Councillors in Newport have welcomed the arrival of new education facilities around the city.
Two projects at other schools could be stalled because of technical problems, however.
Following several delays, the opening of a £16 million replacement building at St Andrew’s Primary School, off Corporation Road, has finally reunited pupils on one single site.
Junior classes were moved to temporary facilities off-site after inspectors found a “serious structural defect” in the school’s Key Stage 2 building in March 2021.
St Andrew’s headteacher Jo Giles recently welcomed council leader Cllr Dimitri Batrouni and cabinet member for education Cllr Deb Davies to her school, saying it was “wonderful that we will all be back on one site”.

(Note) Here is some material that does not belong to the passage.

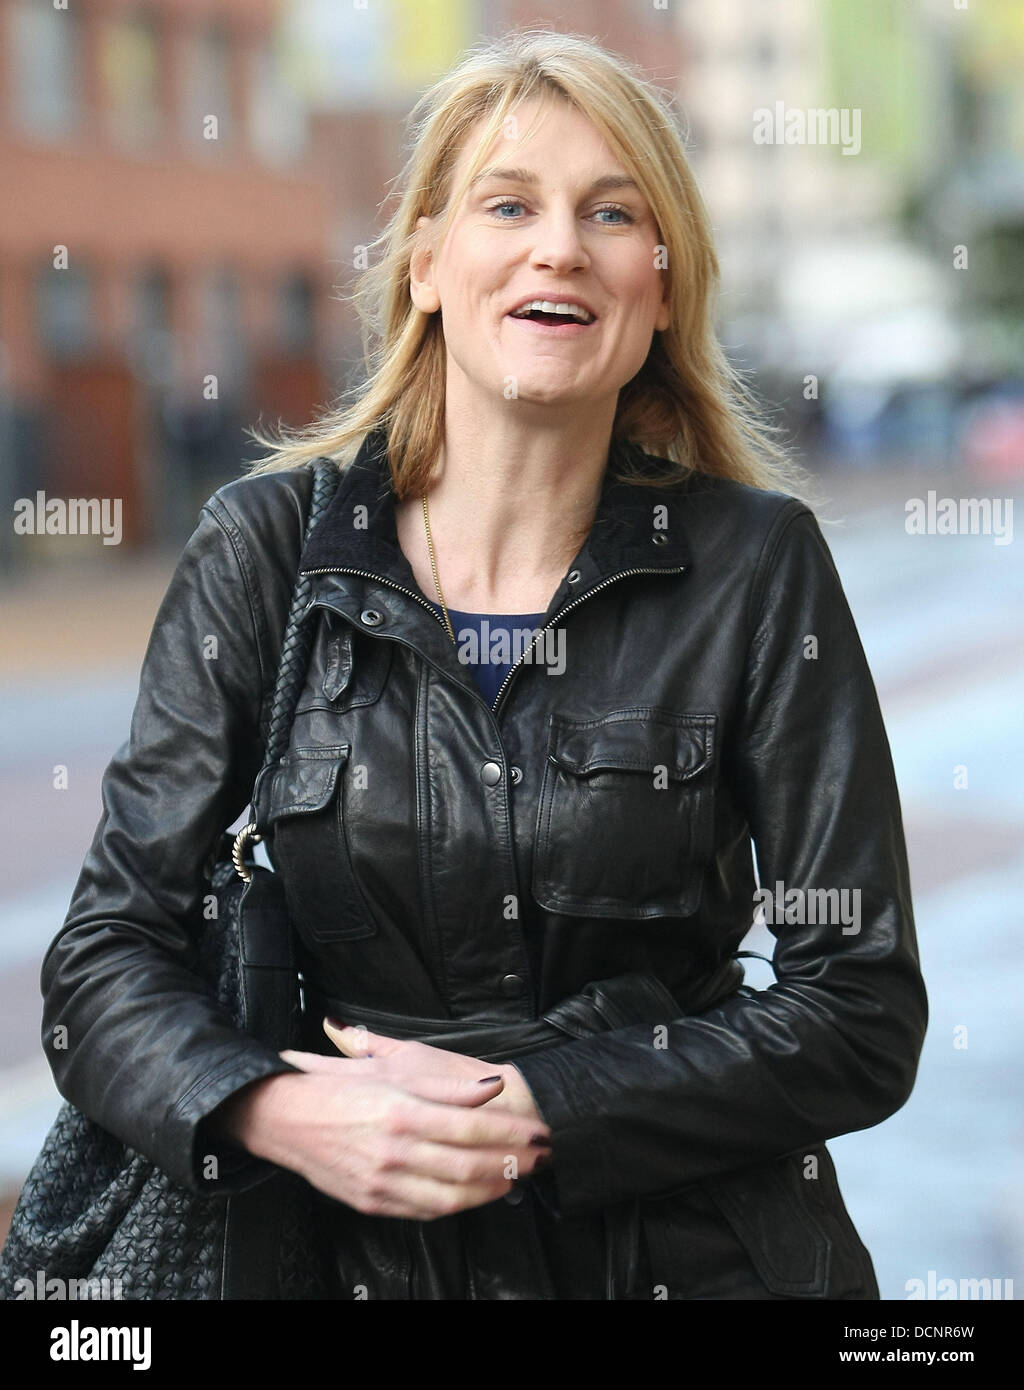 Sally bercow at the itv studios london hi-res stock photography and images  - Alamy

“We are very much a community school and our families, and local residents, have been very understanding about the situation we found ourselves in,” Mrs Giles added. “I think the wait has been worth it.”

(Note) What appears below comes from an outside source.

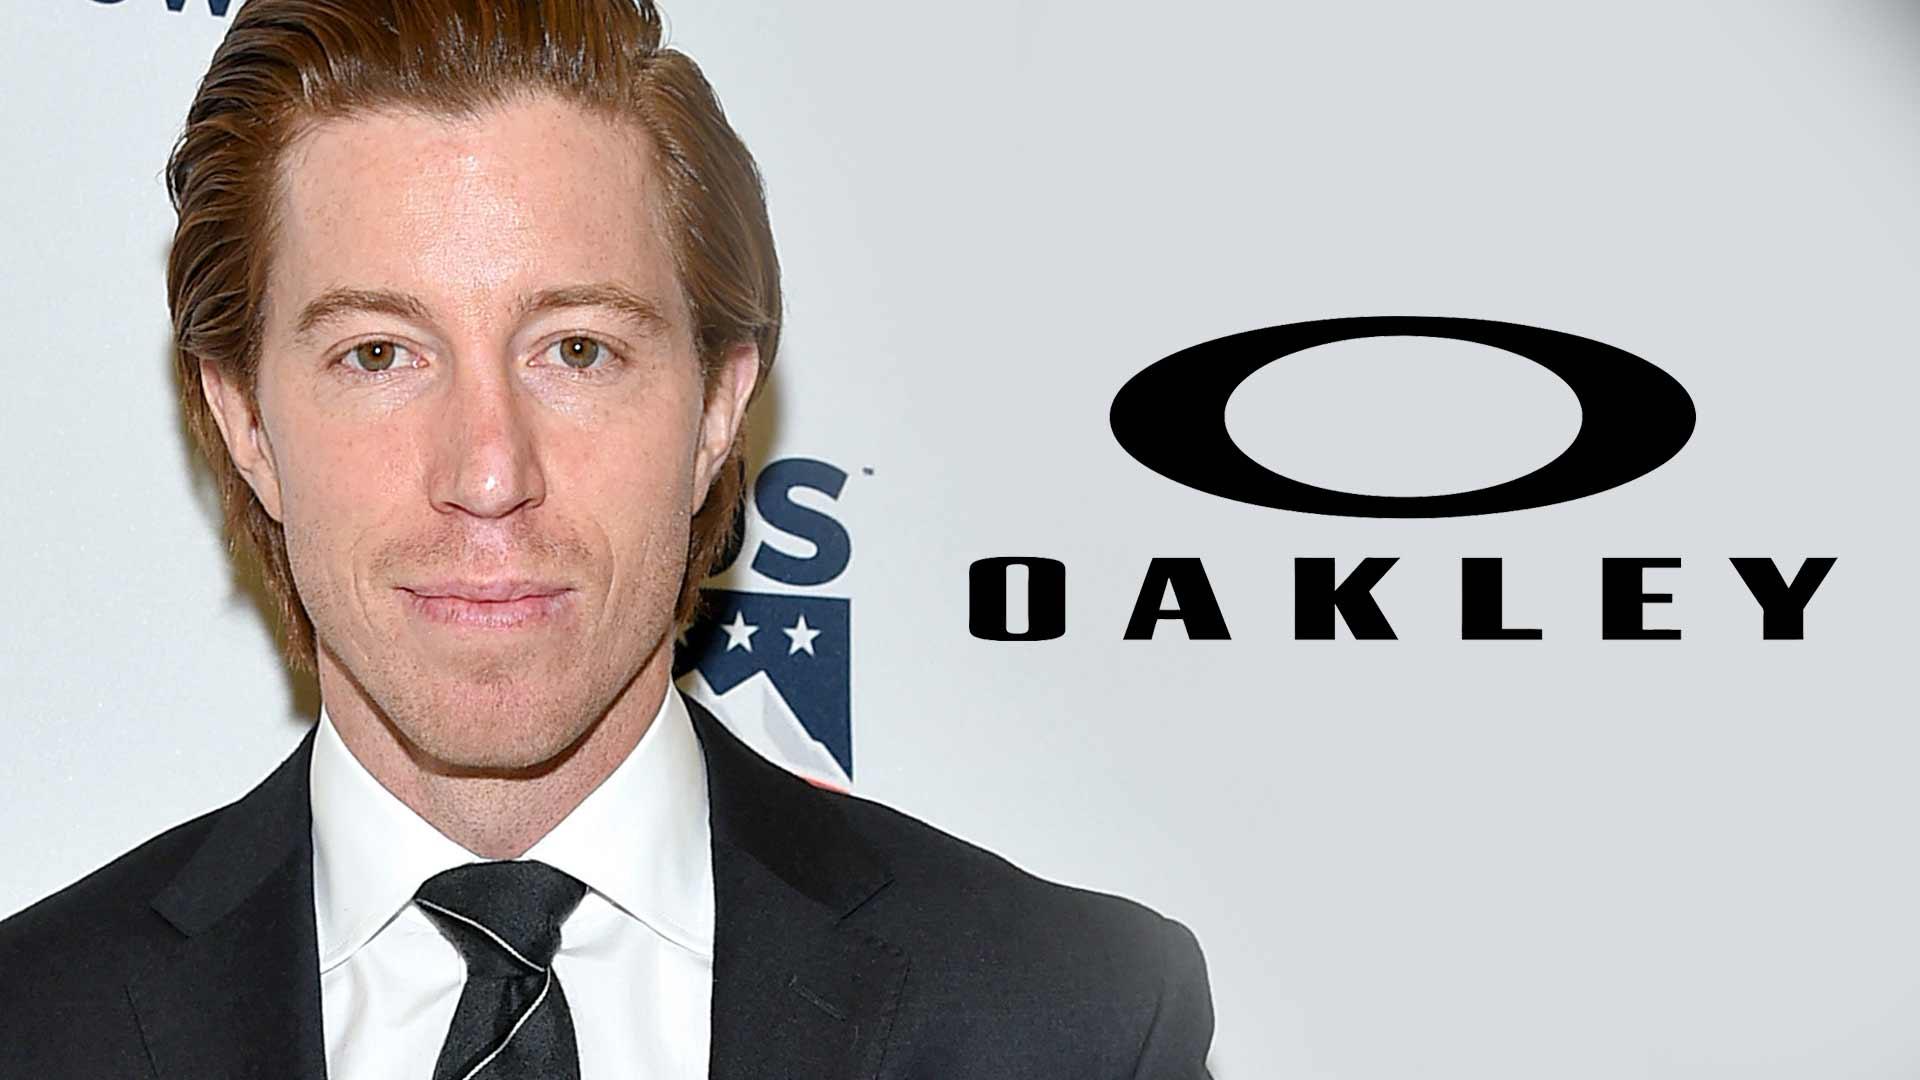 Shaun White Sues Oakley for Allegedly Using Him to Promote Sunglasses After Their Deal Expired

Cllr Batrouni called the new building “an excellent replacement that provides an improved learning environment and great new facilities for the children and staff”.
Its opening follows the handover in November of a new primary school at the Whiteheads development off Mendalgief Road, and the opening of a new building at Bassaleg School in October.
Speaking at a Newport City Council cabinet meeting, on Monday January 13, Cllr Davies welcomed the “beautiful buildings” at the three schools.
“It’s great to see them open and filled with children,” she said, adding that the new facilities at the sites would “only help” to improve outcomes for pupils and represented “really positive steps forward”.
A new council report shows some other school infrastructure projects are facing delays, however.
The majority of work on a new sports hall at Ysgol Gymraeg Gwent Is Coed is due to be completed by the end of March, but issues with underground and piling works have caused a delay.
The council said it had accepted the contractor’s request for a time extension, pushing the completion date back to June 2025.
Meanwhile, temporary classrooms at Lliswerry High School have been held up because of a “number of services underground where the building is proposed to be sited”.
The council said it is in “ongoing” talks with the National Grid, with the aim of those underground services being “re-routed”.